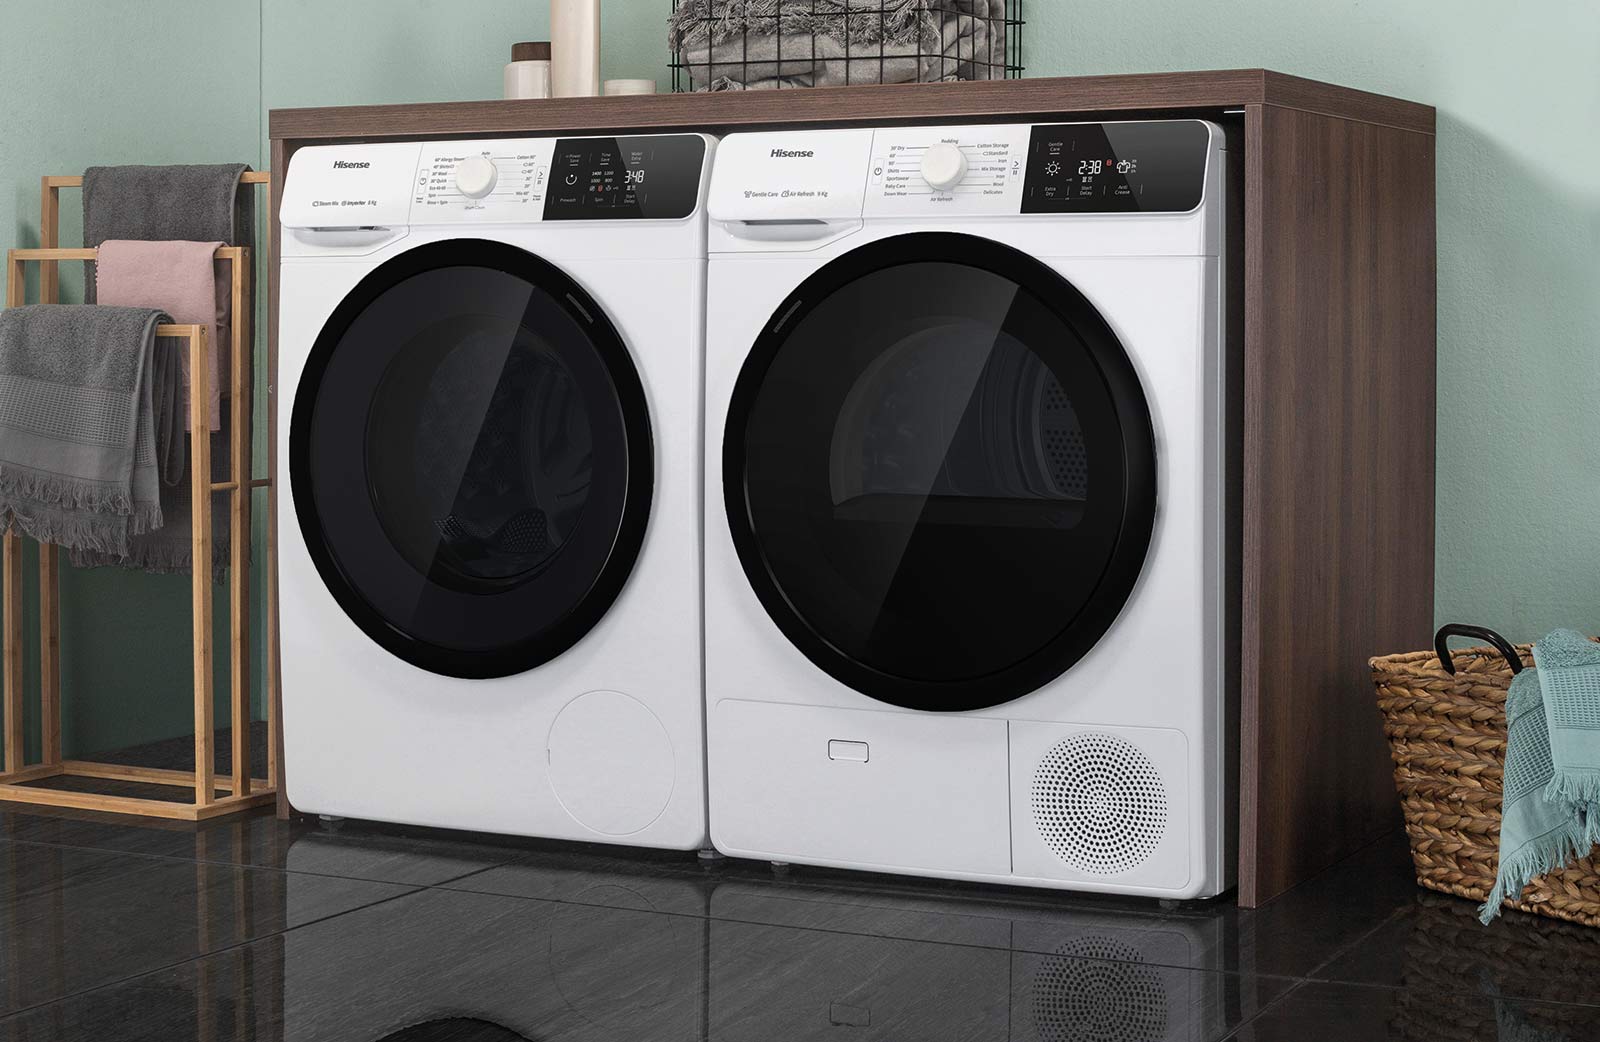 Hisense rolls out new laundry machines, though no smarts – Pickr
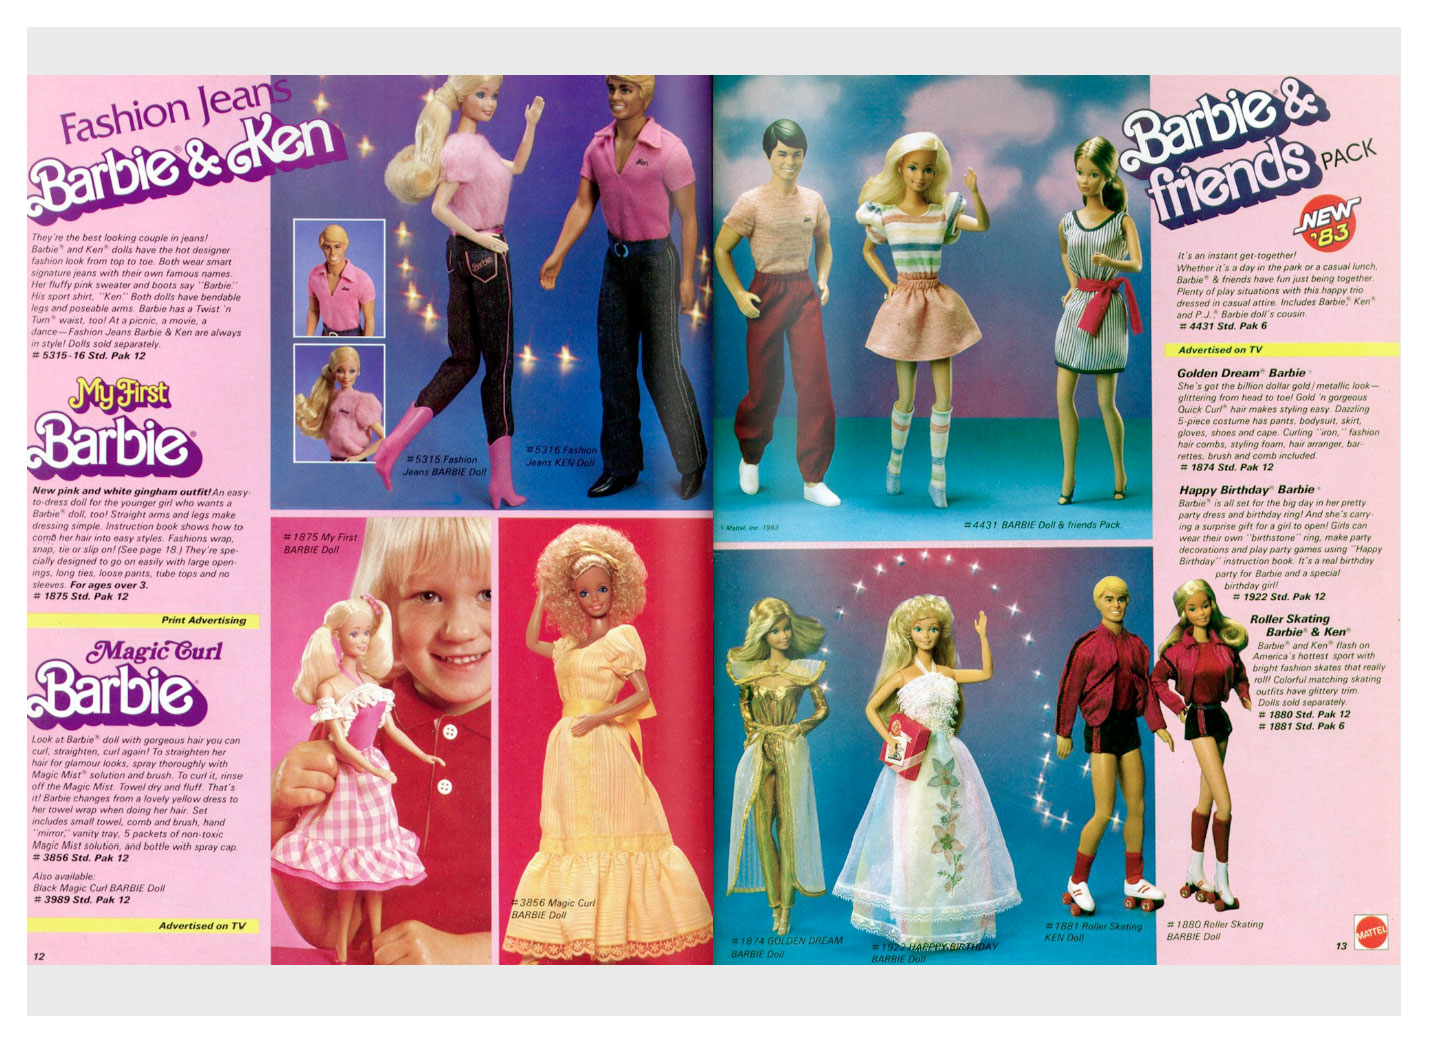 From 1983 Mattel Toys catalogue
==
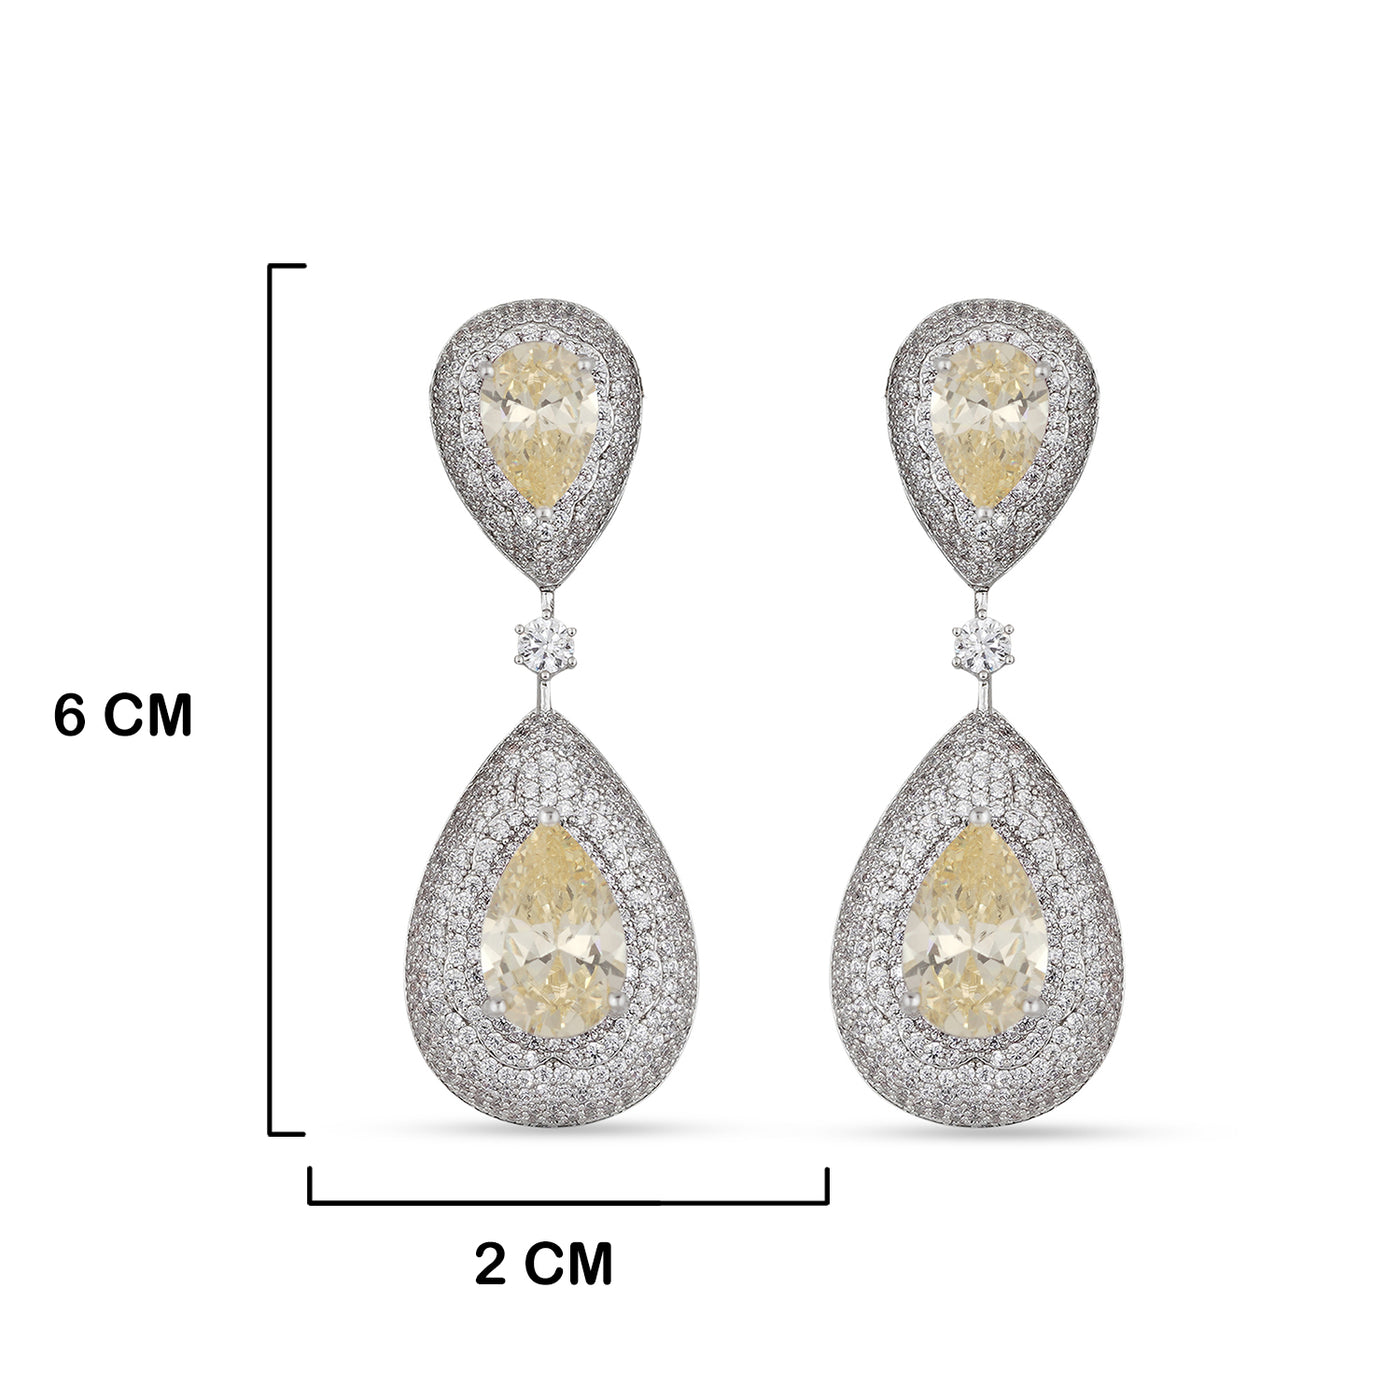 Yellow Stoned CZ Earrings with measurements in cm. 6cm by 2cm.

• [Assignment] A verbatim reproduction is expected: starting at the line above that has "Hisense rolls out", ending at the line that has "From 1983 Mattel Toys catalogue", both included, and with no pictures and no other lines.

• [Exercise result]
 Hisense rolls out new laundry machines, though no smarts – Pickr
 From 1983 Mattel Toys catalogue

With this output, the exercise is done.